Outside of identity fraud, the biggest fraud perpetrated in 2003 was auction fraud. (See Figure 4.4.) In 2003 the FTC received some 77,500 complaints of auction fraud. Internet auction fraud is usually very straightforward. Typically, a con artist advertises merchandise on an auction site such as eBay until a buyer is found. The buyer then sends a payment but receives no merchandise.

FIGURE 4.3

The Internet Fraud Complaint Center (IFCC) annual report profiles several cases that they have helped solve each year. In one instance in 2002 a woman named Teresa Smith stole more than $800,000 from over three hundred people in an auction fraud involving computer sales. She operated out of an office in West Boylston, Massachusetts, where she put computers up for auction on eBay, receiving payments but not shipping the merchandise. When customers accused Smith of foul play, she gave them an excuse, often maintaining that the computer had been lost in the mail. Each time eBay shut down her account, she opened a new one under a different false name.

More elaborate auction frauds have also been set up to trick the seller. In a 2002 FTC case a con artist created a phony escrow company to avoid paying the seller. Legitimate escrow companies act as mediators; they hold onto the payment owed to a seller while the buyer has a chance to test the merchandise and see that it works. When the buyer gives approval, the escrow company sends the money to the seller. The phony escrow outfit in the FTC case, blandly named premier-escrow.com, was owned by a scam artist who bought items in auctions and then informed the sellers that he would like to use premierescrow.com. The sellers, thinking the thief's money was secure in an escrow company, would send the merchandise to the thief.

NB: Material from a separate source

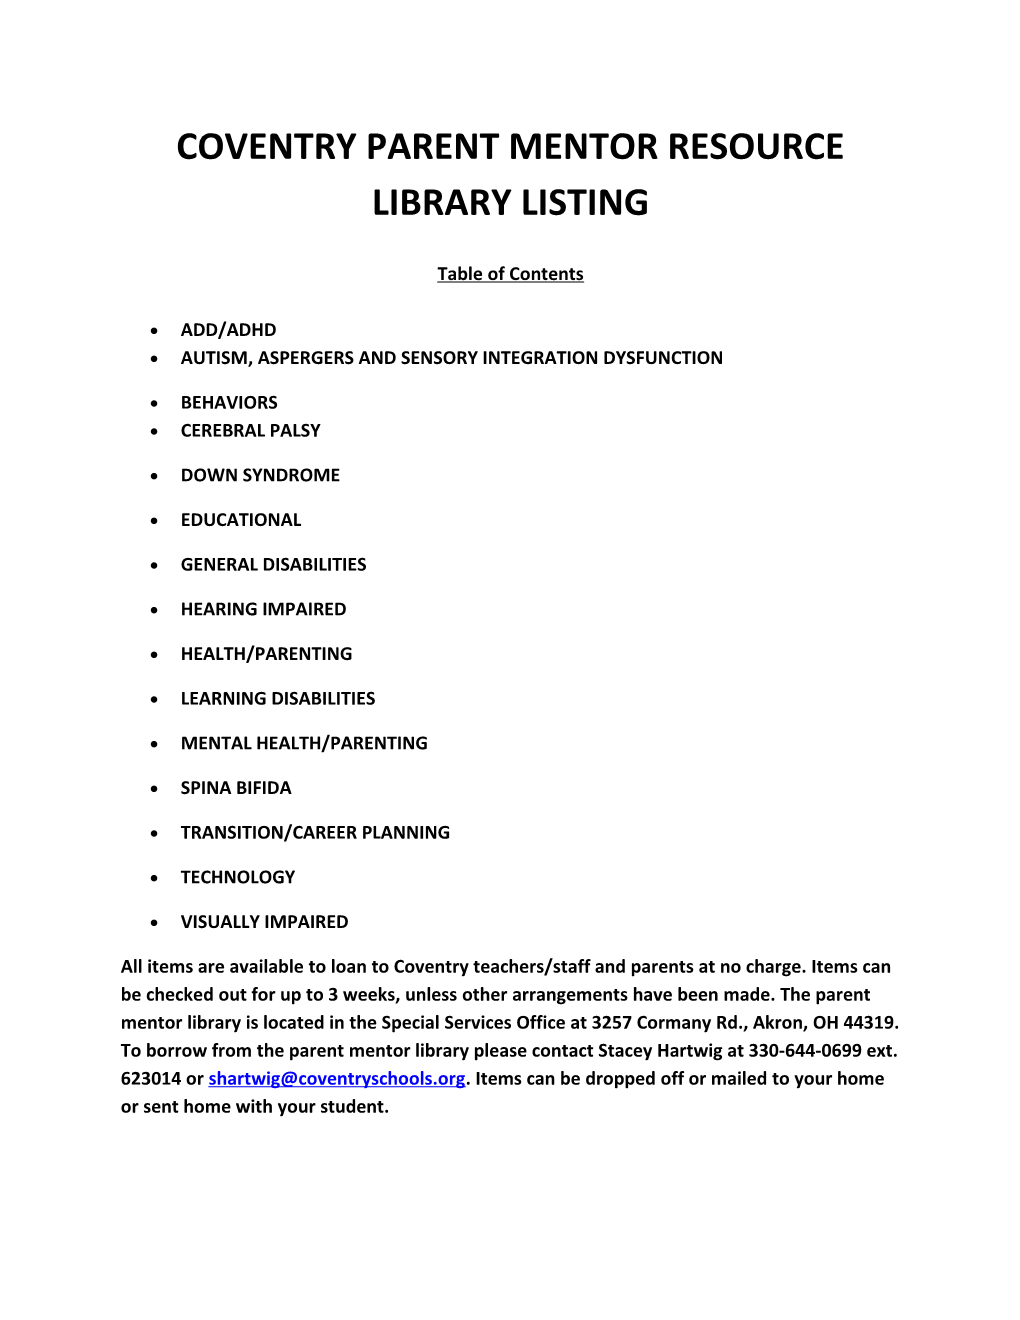 Coventry Parent Mentor Resource Library Listing

Other Types of Online Fraud

While auction fraud and identity theft made up the vast majority of fraudulent activity on the Web, countless other frauds have been perpetrated over the years. These

FIGURE 4.4

ranged from false merchandise advertised on a phony Web page to work-at-home e-mail schemes in which the victim was told to send in money as an initial investment. One of the more famous e-mail scams of the early twenty-first century was the Nigerian letter fraud scam, which had been circulating via traditional mail since the early 1980s. In its electronic form, an e-mail purportedly from a "Nigerian dignitary" informed the victim that he or she had the opportunity to receive vast sums of money currently being held in Nigeria. When the victim responded to the message, he or she was then told that the Nigerian dignitary required money in advance, usually to bribe government officials, so that the funds could be released and deposited in the victim's account. In 2002 the IFCC yearly report revealed that seventy-four U.S. individuals had sent money to perpetrators of this scam and lost a total of nearly $1.6 million.

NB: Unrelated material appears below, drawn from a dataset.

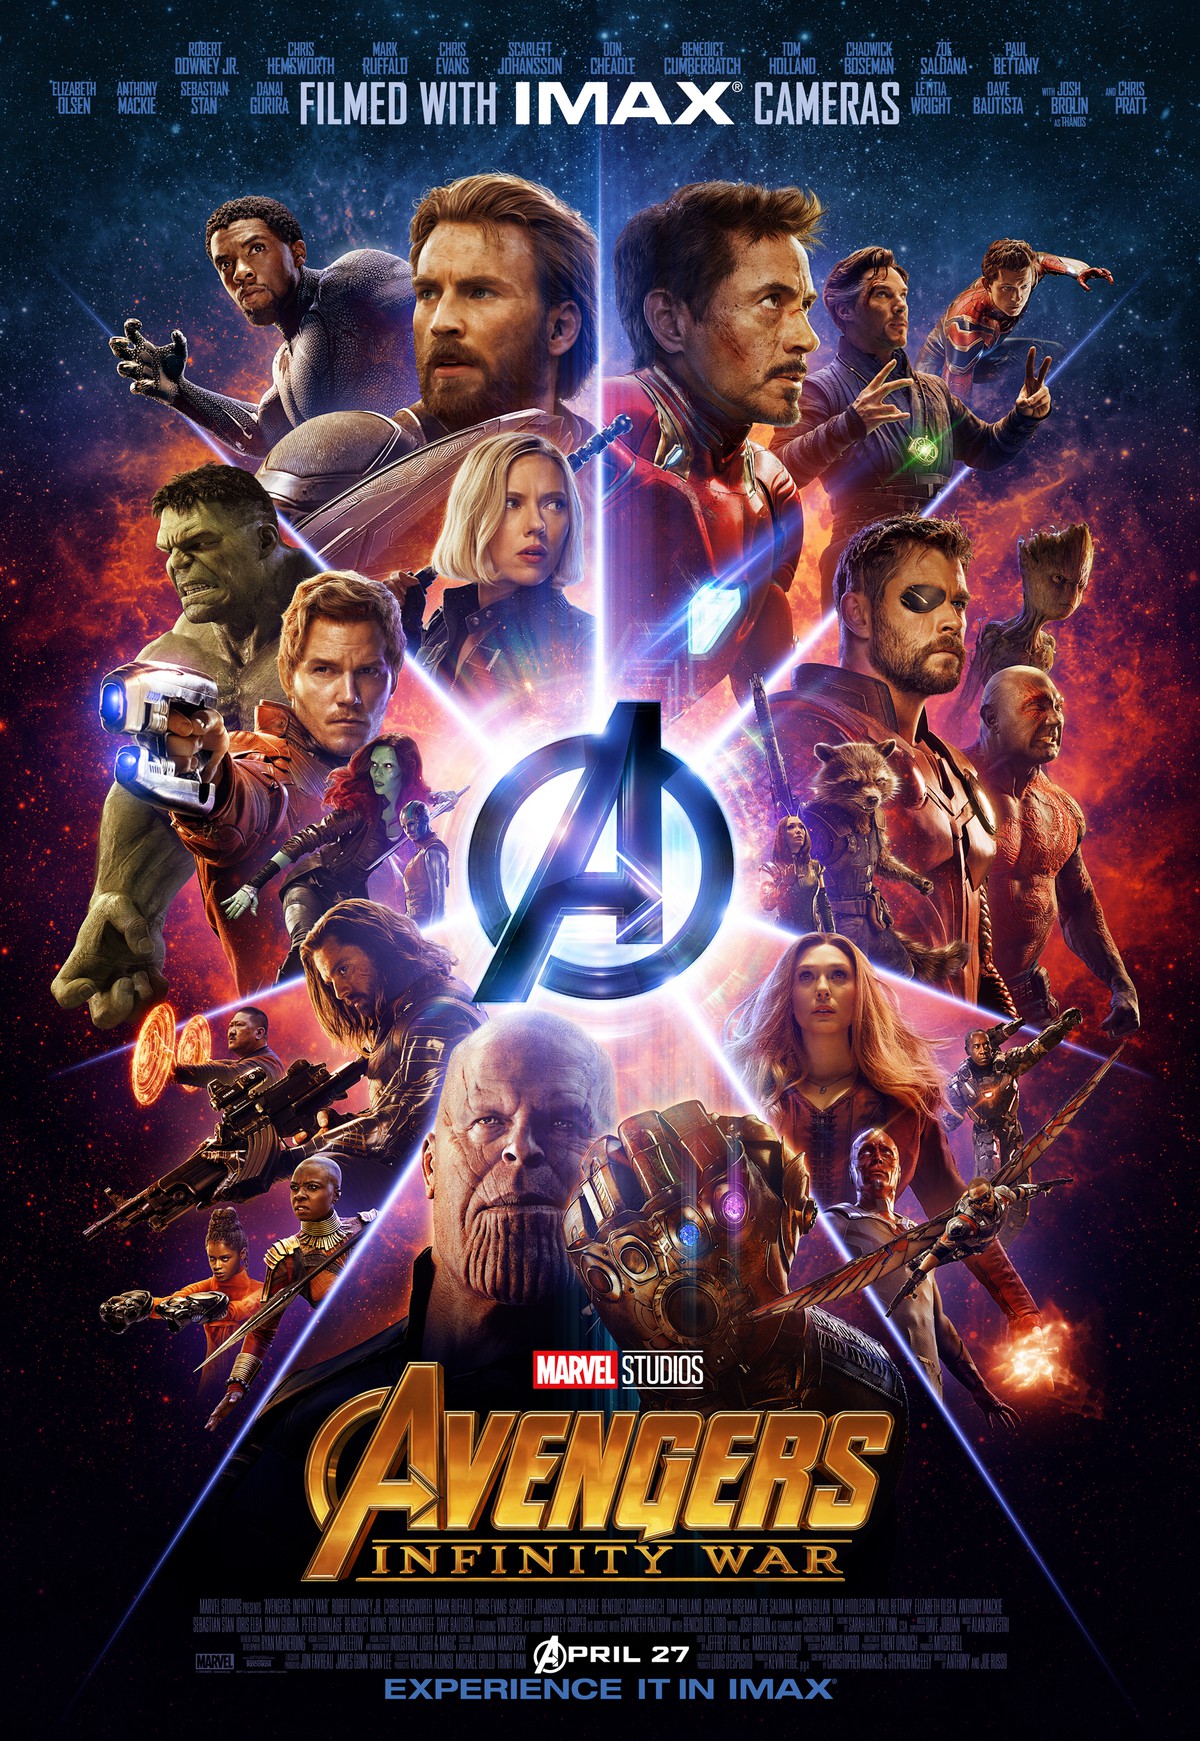 New IMAX Behind the Frame AVENGERS: INFINITY WAR Episode!

Still other, more elaborate scams were designed to manipulate the stock market. Such scams were particularly effective in the late 1990s during the stock market bubble. The best known of these was the "pump-and-dump" scam. The criminals invested in a stock that was lightly traded and then tricked online investors into buying it. Typically, this involved posting fake documents and press releases on financial Web sites, telling investors that the company was either about to be bought out or had developed a new, money-making product. In other instances, scam artists bribed lesser-known stock pundits to tout the lifeless stock. After the stock took off, the criminals simply sold their holdings, leaving other investors holding the bag.